Ma is charged with conspiracy to gather and communicate U.S. national defense information to a foreign nation. He worked with his late brother in California to send secrets to agents of China’s Ministry of State Security.
“Alexander Ma betrayed his adopted country and his own sworn secrecy oaths, which he solemnly entered into while employed as an officer of the Central Intelligence Agency,” wrote Sorenson in a Sept. 6 filing.
Ma conspired with his late brother, and “multiple intelligence officers of the People’s Republic of China, to provide classified U.S. intelligence information to the Shanghai State Security Bureau, a provincial branch of the PRC intelligence services responsible for, among other things, foreign intelligence collection.”

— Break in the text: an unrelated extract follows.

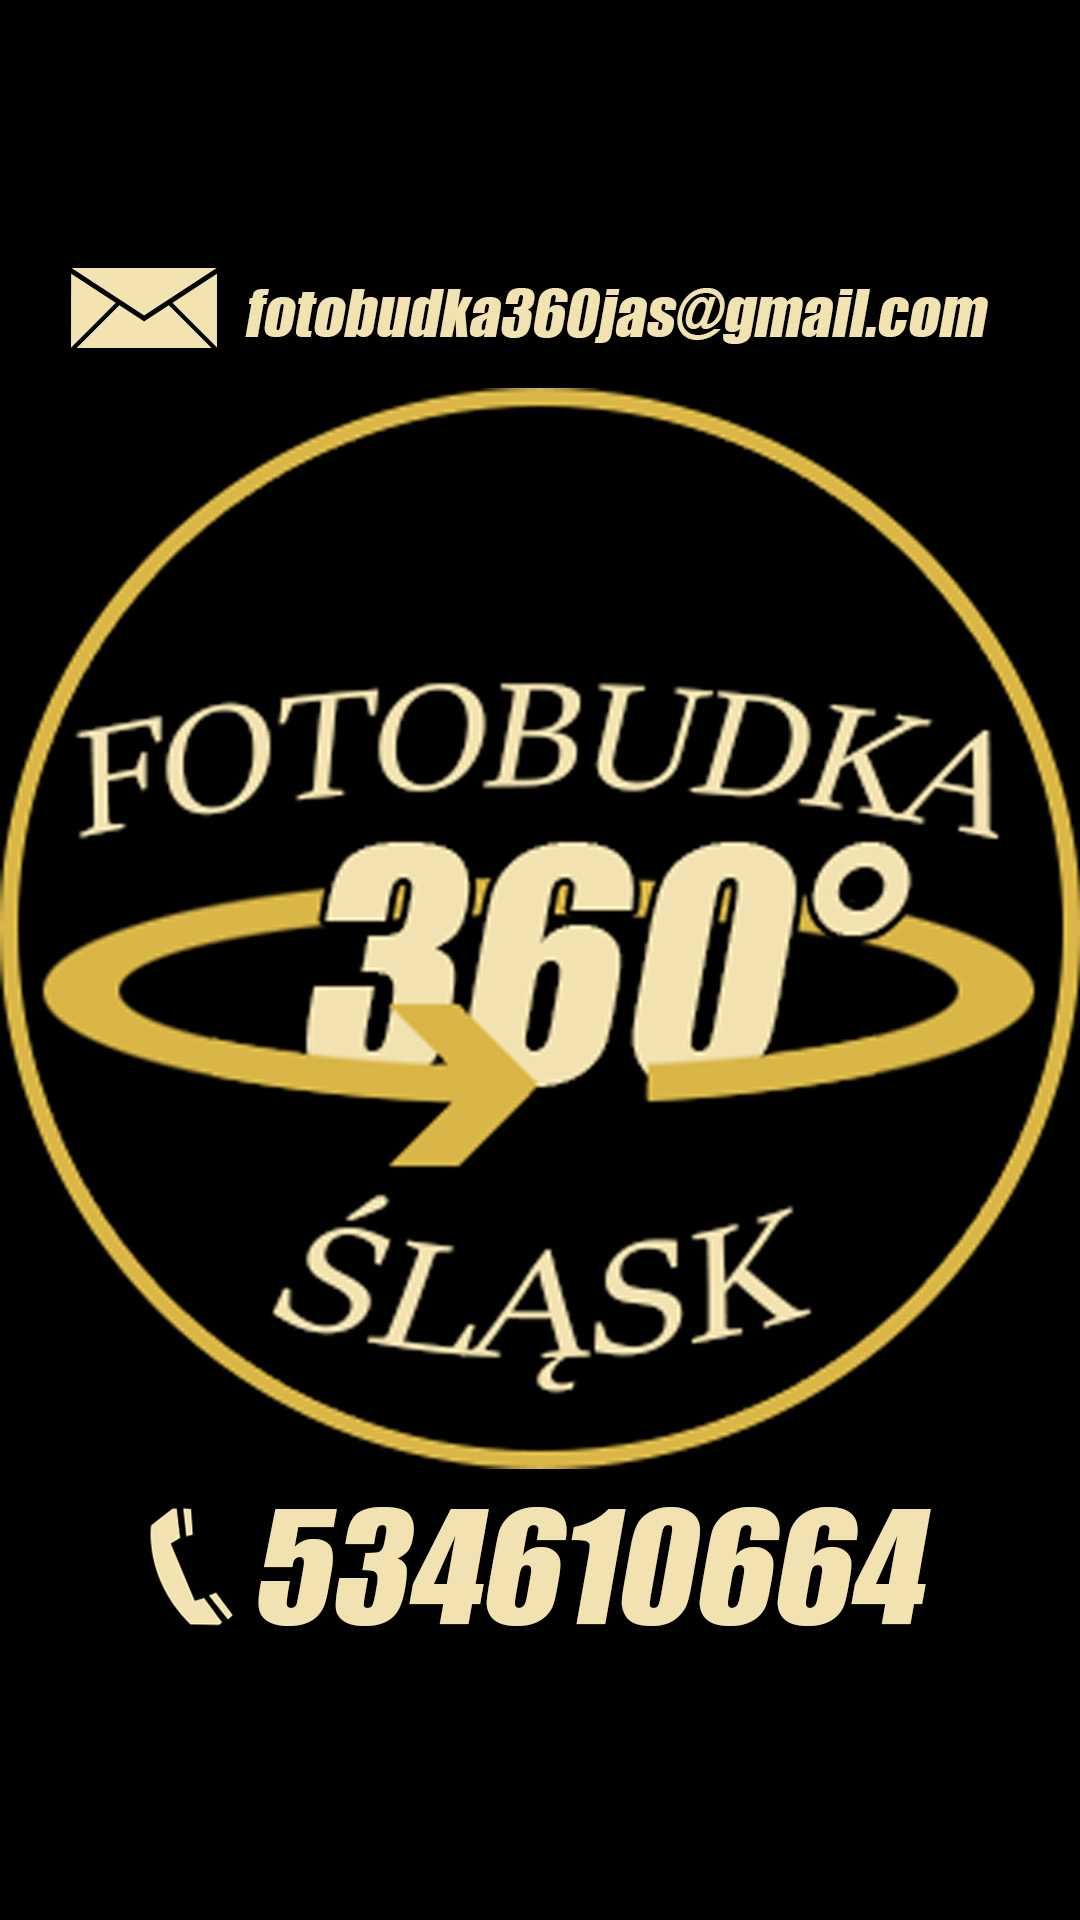 FOTOBUDKA 360 na twoją imprezę! Wesele/Studniówka/18nastka

“Ma is nearly 72 years old with attendant health concerns. Despite this, he has agreed to serve 10 years’ imprisonment. The government views his willingness to accept responsibility under these circumstances as a mitigating factor,” wrote Sorenson. “In addition, Ma’s advanced age makes him unlikely to reoffend.”
After his guilty plea May 24, Ma “took part in five lengthy, and sometimes grueling, sessions over the course of four weeks, some spanning as long as six hours, wherein he provided valuable information and endeavored to answer the government’s inquiries to the best of his ability,” wrote Sorenson, noting that Ma cooperated with no promise of credit for cooperation. “While Ma at times appeared to minimize his culpability, he ultimately took ownership of his conduct and provided useful assistance to government agents.”
Ma is a naturalized U.S. citizen who was born in Hong Kong and moved to Honolulu in 1968 where he attended the University of Hawaii, according to federal court records. He had a condominium in Hawaii Kai and a home in China, where he also maintained at least one bank account.
Ma joined the CIA in 1982 and was assigned overseas, including China postings, until he resigned in 1989.
Ma and his brother allegedly disclosed to Chinese agents “CIA international operations, including the covers for CIA officers and activities; cryptographic information used in classified and sensitive CIA communications and reports; the internal structure and organization of the CIA; the identities of CIA officers and human assets; CIA’s staffing practices and technical departments; and CIA’s operational trade craft, including secure communication practices,” according to an Aug. 18, 2019, motion to detain Ma without bail.